1.4.3. Incubate for 15 minutes on ice to bind RNA to the beads.

1.4.4. Place the tube on a magnetic rack to separate the beads from the supernatant.

1.4.5. After the solution is clear, carefully remove and discard the supernatant. Be careful not to disturb the beads which contain the RNA.

1.4.6. Add 200 μl of freshly prepared 80% ethanol to the tube while in the magnetic rack. Incubate at room temperature for 30 seconds and then carefully remove and discard the supernatant. Be careful not to disturb the beads which contain the RNA.

1.4.7. Repeat Step 1.4.6 once for a total of two washes.

1.4.8. Completely remove residual ethanol and air dry the beads for up to 5 minutes while the tube is on the magnetic rack with the lid open.

Caution: Do not over-dry the beads. This may result in lower recovery of RNA target. Elute the samples when the beads are still dark brown and glossy looking, but when all visible liquid has evaporated. When the beads turn lighter brown and start to crack they are too dry.

1.4.9. Remove the tube from the magnetic rack. Elute the RNA from the beads by adding 7 μl of Nuclease-free Water. Mix thoroughly by pipetting up and down at least 10 times and briefly spin the tube.

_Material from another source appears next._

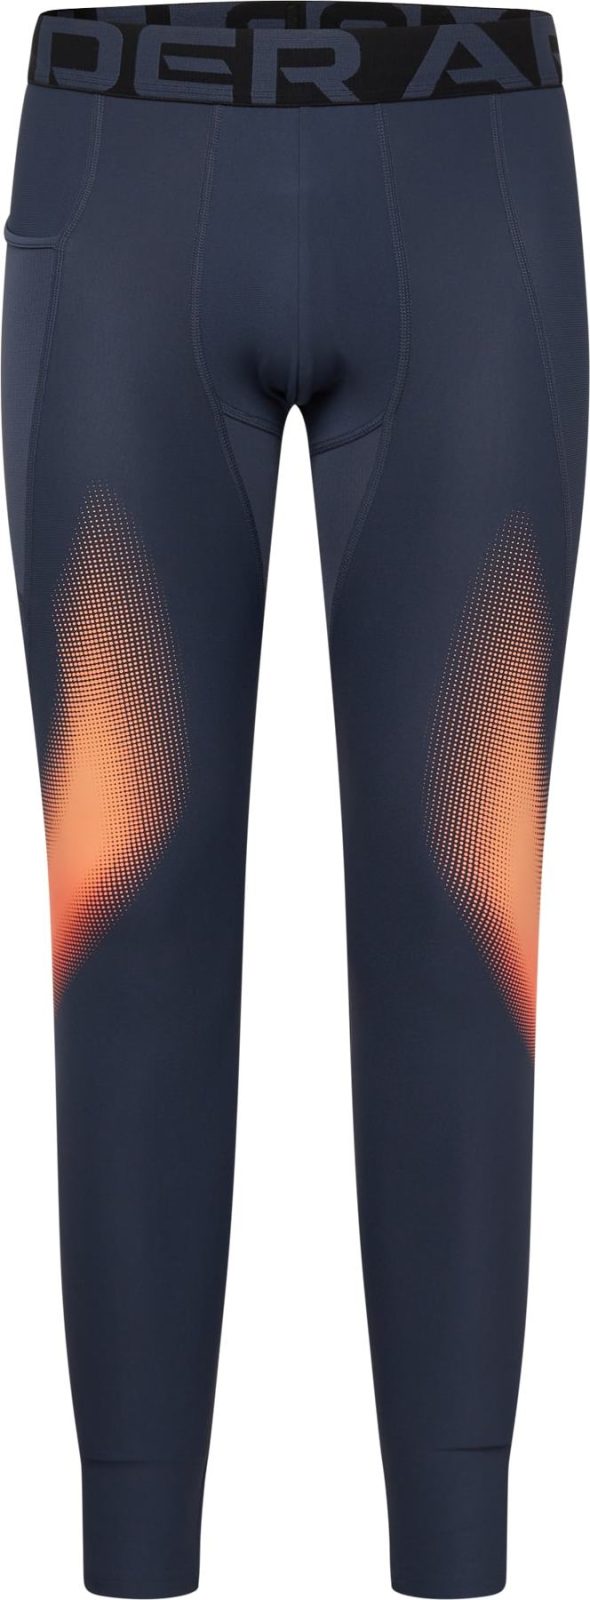 UNDER ARMOUR Sportovní kalhoty 'Novelty' tmavě šedá / lososová / černá

1.4.10. Incubate for 2 minutes at room temperature.

1.4.11. Place the tube on the magnetic rack until the solution is clear (~ 2 minutes).

1.4.12. Remove 5 μl of the supernatant containing RNA and transfer to a nuclease-free tube.

1.4.13. Place the tube on ice and proceed with RNA-Seq library construction or other downstream application. Alternatively, the sample can be stored at -80°C.